Developer Glenn Wetzl’s plan evolved from its original 66-lot proposal, with some of them fronting on McKinley, to 45 patio homes clustered on about 12 acres of the property. There will be one access road from Boston State Road, an emergency access on McKinley, and no homes fronting on McKinley, Newton or Boston State roads.

State law requires a super majority vote on a rezoning when the owners of at least 20 percent of the land immediately adjacent to the parcel, or within 100 feet of it, submit a written protest, or petition.

Residents who wanted the property to remain residential-agricultural, which requires a minimum lot size of two acres, knew they had submitted more than enough signatures. The town attorney agreed that nearly 45 percent of the owners of land near the parcel signed the petition.

But at the public hearing, the developer’s attorney explained that Wetzl was offering an additional safeguard to residents: A buffer of 65 feet to 75 feet wide would be located on the perimeter of the parcel, and would not be rezoned. The rezoning request had dropped from 29 acres to 24 acres, and as a result, 17 acres would remain as permanent open space.

By adding that buffer to the project, the number of residents opposed to the project and living within 100 feet of the new boundary of the property to be rezoned dropped below the threshold requiring a super majority. The buffer creates the doughnut, and the hole is where the development will take place.

Now residents are planning to challenge the rezoning in State Supreme Court.

“We feel this is a change, and it’s a big change,” Claus said.

The original proposal requested rezoning of the full 29-acre parcel, and the notice for the public hearing said 29 acres. Town Attorney Walter Rooth III told the Town Board in a letter the “most prudent course of action” would be to require the developer to submit a revised application.

But Supervisor Steven Walters said in the past the town has accepted a developer’s revised proposal without a new application. He also said Wetzl had made a number of changes, such as lowering the number of lots, keeping lots from fronting on the roads and improving drainage.

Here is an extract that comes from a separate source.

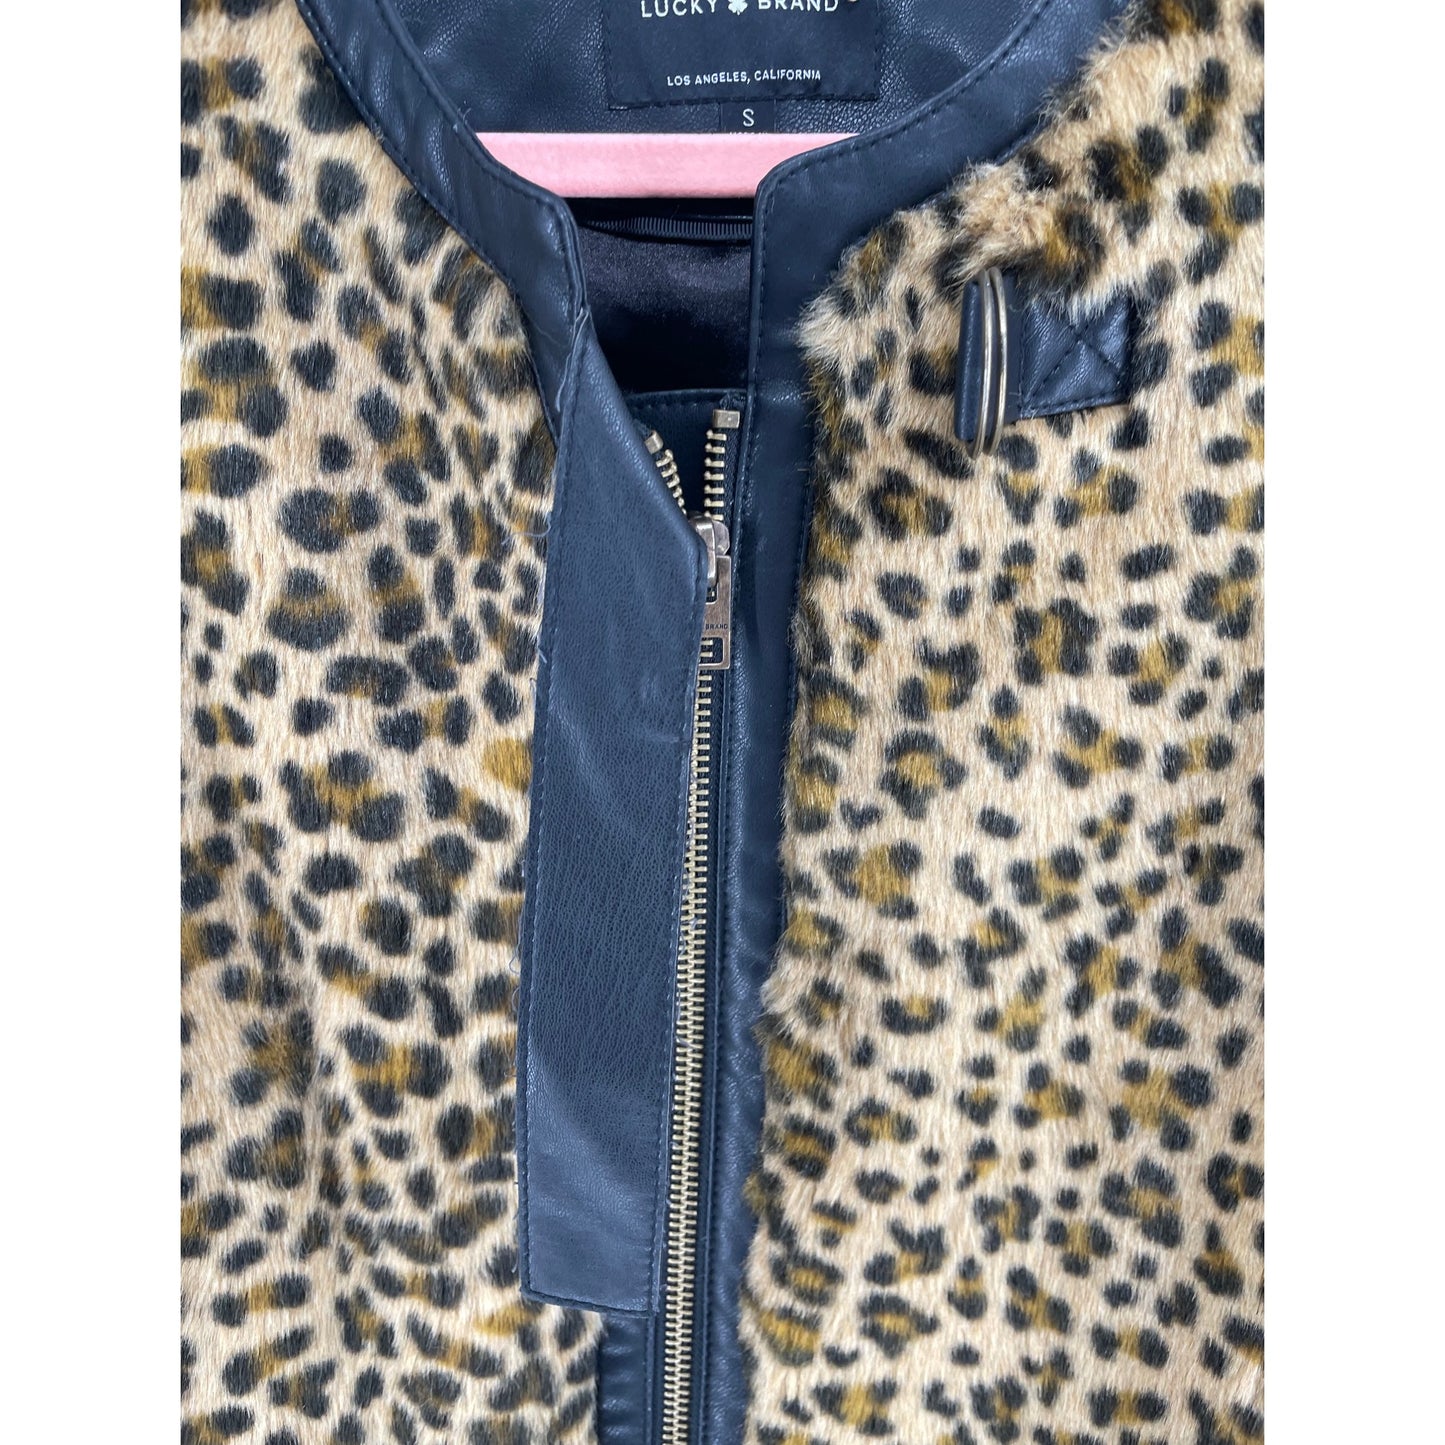 Lucky Brand Women's Small Faux Leopard Print Coat W/ Black Faux Leather Trim
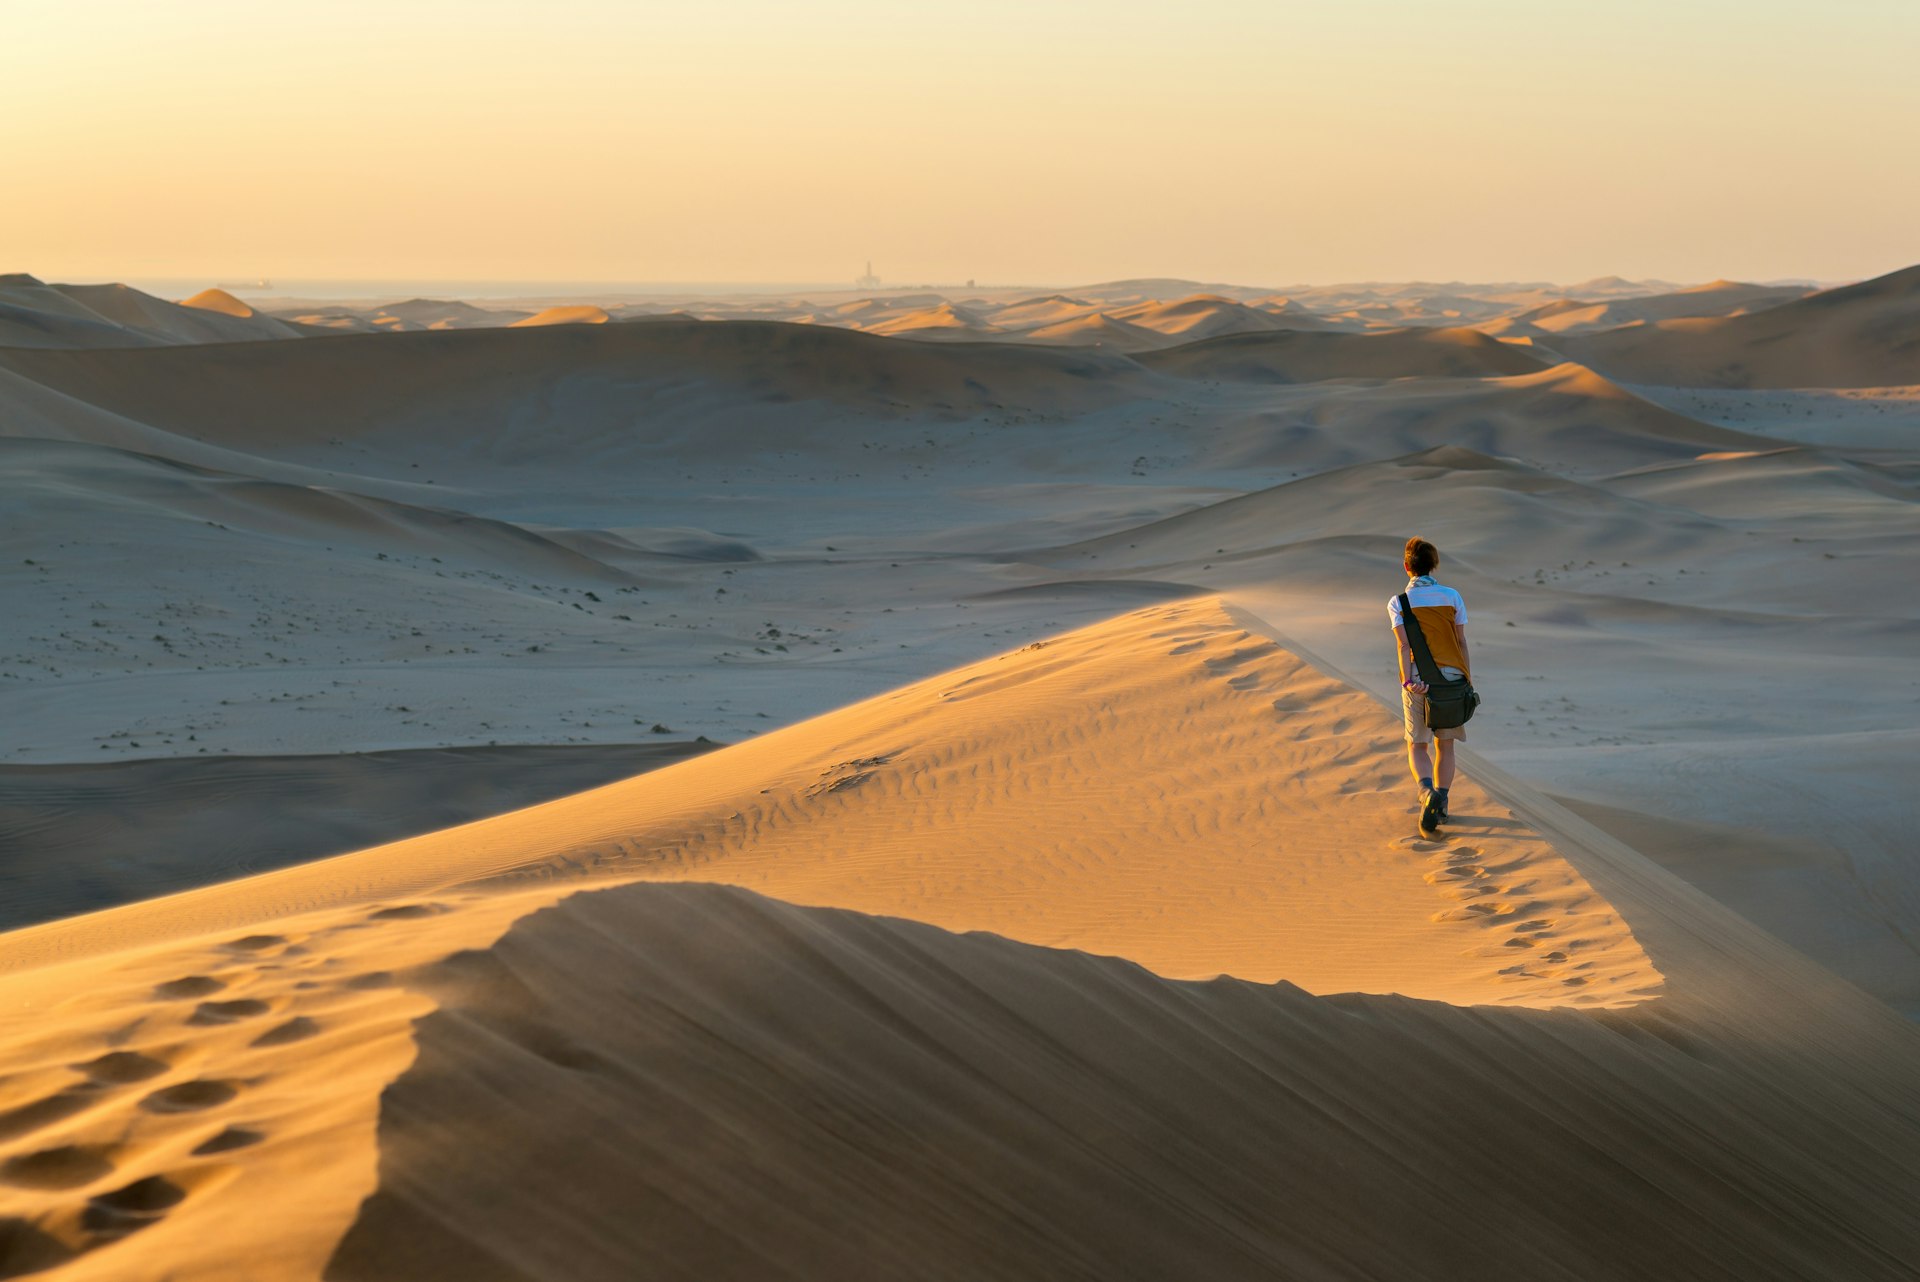 A tourist walks on the scenic dunes of Sossusvlei, Namib desert, Namib-Naukluft National Park, Namibia, Africa

“While not every issue was totally mitigated by the developer, I think every issue to some degree was mitigated,” he said, adding that he read and re-read every report and letter filed on the rezoning.

Walters also said an attorney with the New York Department of State told the town the practice of keeping an exterior buffer is legal.

He said he also believes strongly in private property rights, and he and Councilwoman Cheryl Potter Juda supported the rezoning. Councilman Michael Quinn voted against it.

“I don’t think we should subvert this whole process. I think the developer should go back to the Planning Board,” he said.

“They ended up winning the first round,” said Michael Welch of Valley View Road.

Residents say the parcel is an important gateway to Hamburg, and the residential-agricultural district provides a good transition from the town to the village.

The developer plans to erect decorative fences at the corners of Boston State and Newton with McKinley for the gateway.